Sold all shares and hit nice green on progressive Oct. calls 5.00(.WBJQ) & 6.00(.WBJW) on Friday A.M. per previous set GTC's... SSWWEEEETT...
Still holding/sitting on Nov. calls 7.50(.WBKY)...
Believe it will work out somemore, eh?
All just in my opinion of course...
WB was probably halted for an announcement due to Citigroup's lawsuit. JMO, news may be coming.
I hope so; for Wachovia and Charlotte's sake...
That a boatload of crap. WFC will have 100% of WB by the weekend...eom....See shareholders
In the news regarding WB....
http://www.charlotteobserver.com/business/story/235935.html
Press Release Source: Wells Fargo & Company
Wells Fargo Statement on Appellate Court Decision to Vacate Temporary Restraining Order
Sunday October 5, 9:57 pm ET
SAN FRANCISCO--(BUSINESS WIRE)--Wells Fargo & Company (NYSE:WFC - News) issued the following statement this evening regarding Citigroup’s claimed exclusivity agreement with Wachovia Corporation:
“The appellate court has entered an order vacating Judge Ramos’s order of yesterday. We are pleased that the unfounded order entered yesterday has been vacated. Wells Fargo will continue working toward the completion of its firm, binding merger agreement with Wachovia Corporation.”
Wells Fargo & Company is a diversified financial services company with $609 billion in assets, providing banking, insurance, investments, mortgage and consumer finance through almost 6,000 stores and the internet (wellsfargo.com) across North America and elsewhere internationally. Wells Fargo Bank, N.A. is the only bank in the U.S., and one of only two banks worldwide, to have the highest possible credit rating from both Moody’s Investors Service, “Aaa,” and Standard & Poor’s Ratings Services, “AAA.”
FORWARD-LOOKING STATEMENTS
This news release contains forward-looking statements about Wells Fargo and Wachovia and the proposed transaction between the companies. There are several factors – many beyond Wells Fargo’s control – that could cause actual results to differ significantly from expectations described in the forward-looking statements. Among these factors are the receipt of necessary regulatory approvals and the approval of Wachovia shareholders. Forward-looking statements speak only as of the date they are made, and we do not undertake any obligation to update them to reflect changes that occur after that date.

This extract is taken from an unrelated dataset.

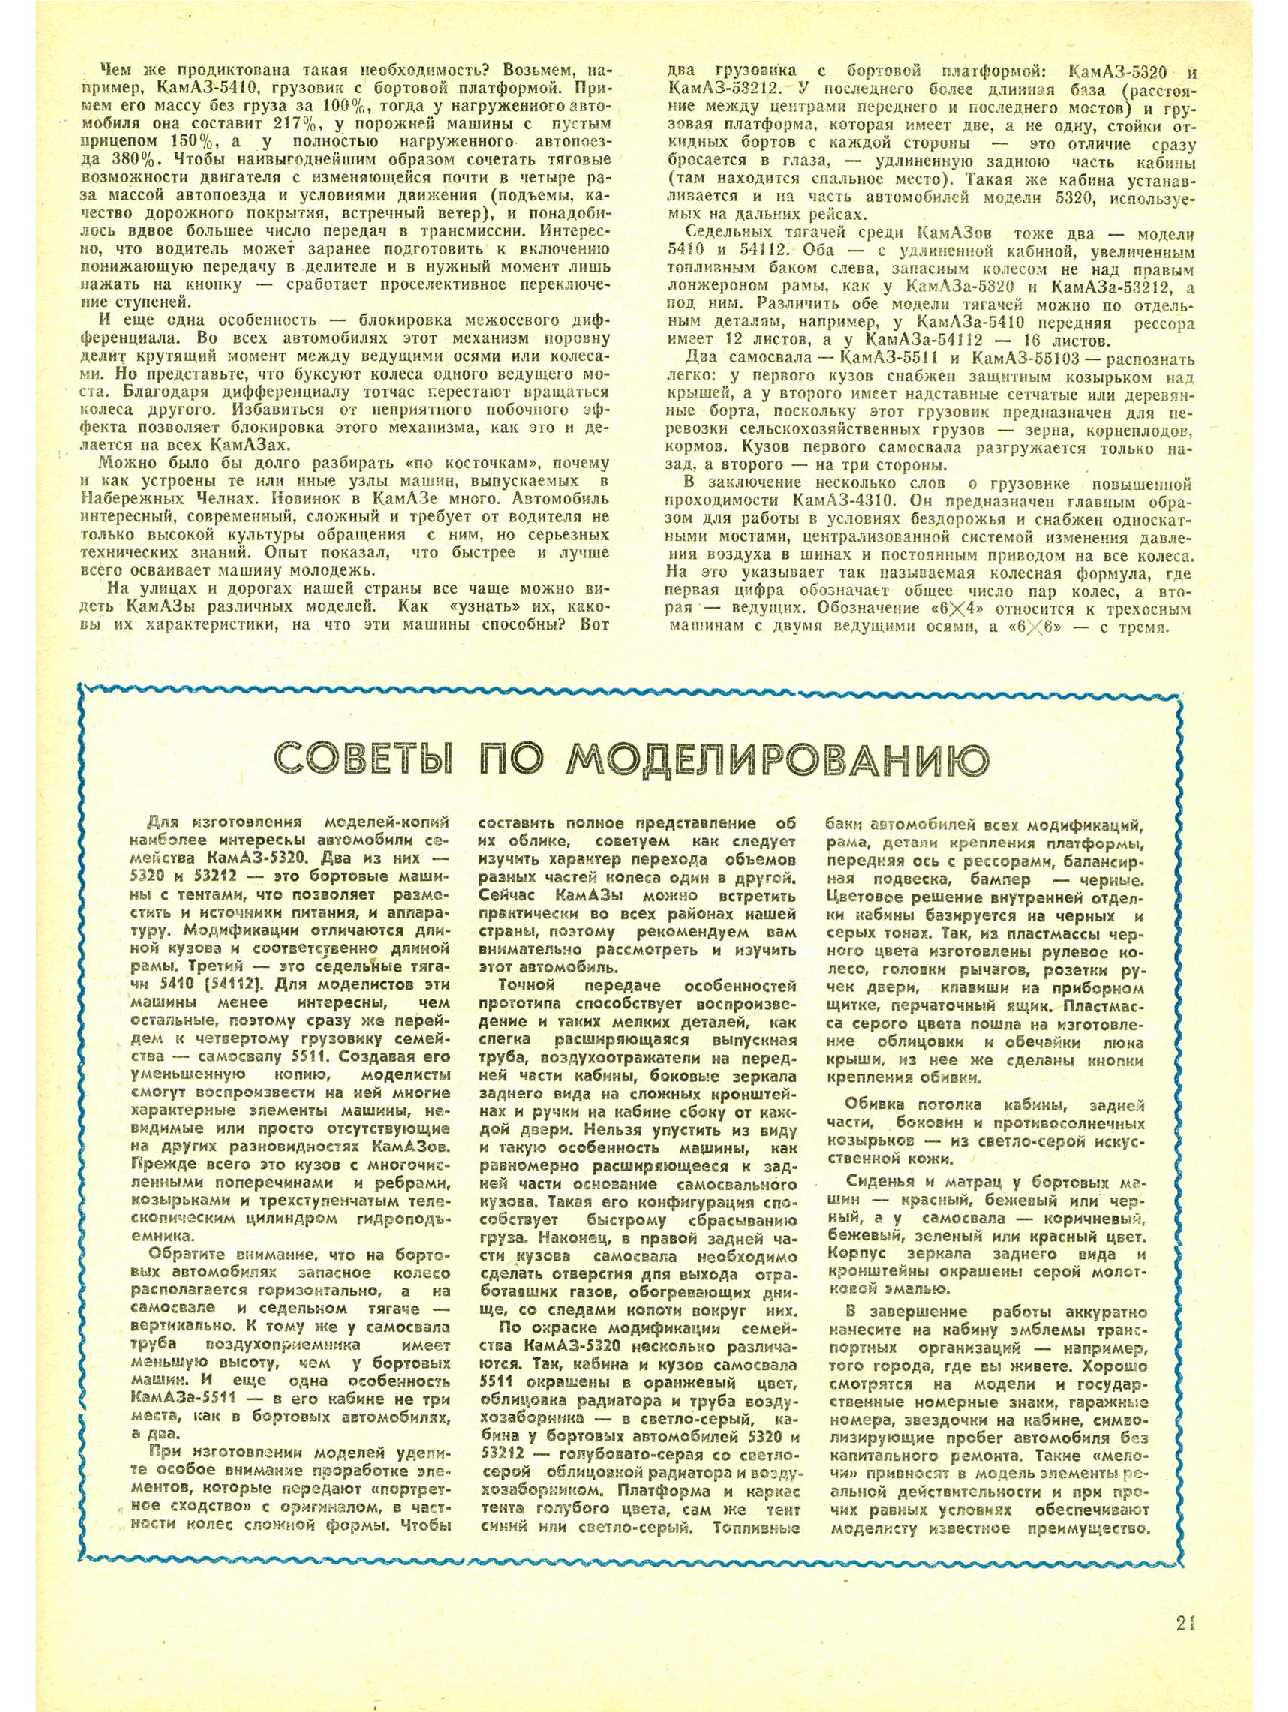 МК 10, 1982, 21 c.

For a discussion of factors that may cause actual results to differ from expectations, refer to each company’s Quarterly Report on Form 10-Q for the quarter ended June 30, 2008, and Annual Report on Form 10-K for the year ended December 31, 2007, including information incorporated into each company’s 10-K from their respective 2007 annual reports, filed with the Securities and Exchange Commission (SEC) and available on the SEC’s website at www.sec.gov.
MORE INFORMATION ABOUT THE MERGER AND WHERE TO FIND IT
The proposed merger will be submitted to Wachovia Corporation shareholders for their consideration. Wells Fargo will file with the Securities and Exchange Commission (“SEC”) a registration statement on Form S-4 that will include a proxy statement of Wachovia Corporation that also constitutes a prospectus of Wells Fargo. Wachovia Corporation will mail the proxy statement-prospectus to its shareholders. Wachovia shareholders and other investors are urged to read the final proxy statement-prospectus when it becomes available because it will describe the proposed merger and contain other important information. You may obtain copies of all documents filed with the SEC regarding the proposed merger, free of charge, at the SEC’s website (www.sec.gov). You may also obtain free copies of these documents by contacting Wells Fargo or Wachovia, as follows:
Wells Fargo & Company, Attention Corporate Secretary, MAC N9305-173, Sixth and Marquette, Minneapolis, Minnesota 55479, (612) 667-0087.
Wachovia Corporation, Investor Relations, One Wachovia Center, 301 South College Street, Charlotte, North Carolina 28288, (704) 374-6782.
Wells Fargo and Wachovia and their respective directors and executive officers may be deemed to be participants in the solicitation of proxies from Wachovia Corporation shareholders in connection with the proposed merger. Information about Wells Fargo’s directors and executive officers and their ownership of Wells Fargo common stock is contained in the definitive proxy statement for Wells Fargo’s 2008 annual meeting of stockholders, as filed by Wells Fargo with the SEC on Schedule 14A on March 17, 2008. Information about Wachovia’s directors and executive officers and their ownership of Wachovia common stock is contained in the definitive proxy statement for Wachovia’s 2008 annual meeting of shareholders, as filed by Wachovia with the SEC on Schedule 14A on March 10, 2008. You may obtain a free copy of these documents by contacting Wells Fargo or Wachovia at the contact information provided above. The proxy statement-prospectus for the proposed merger will provide more information about participants in the solicitation of proxies from Wachovia Corporation shareholders.
Court tilts Wachovia WB fight toward Wells Fargo WFC
Sunday October 5, 9:39 pm ET
By Sara Lepro, AP Business Writer
Wells Fargo gets favorable federal court ruling as it battles Citigroup to take over Wachovia
NEW YORK (AP) -- The battle for control of troubled bank Wachovia tilted toward Wells Fargo Sunday as a state appeals court blocked a lower court ruling that had favored rival bidder Citigroup.
At stake is the $339 billion in Wachovia deposits and its network of more than 3,300 branches throughout the country that would solidify the winner as being in the top tier of U.S. retail banking.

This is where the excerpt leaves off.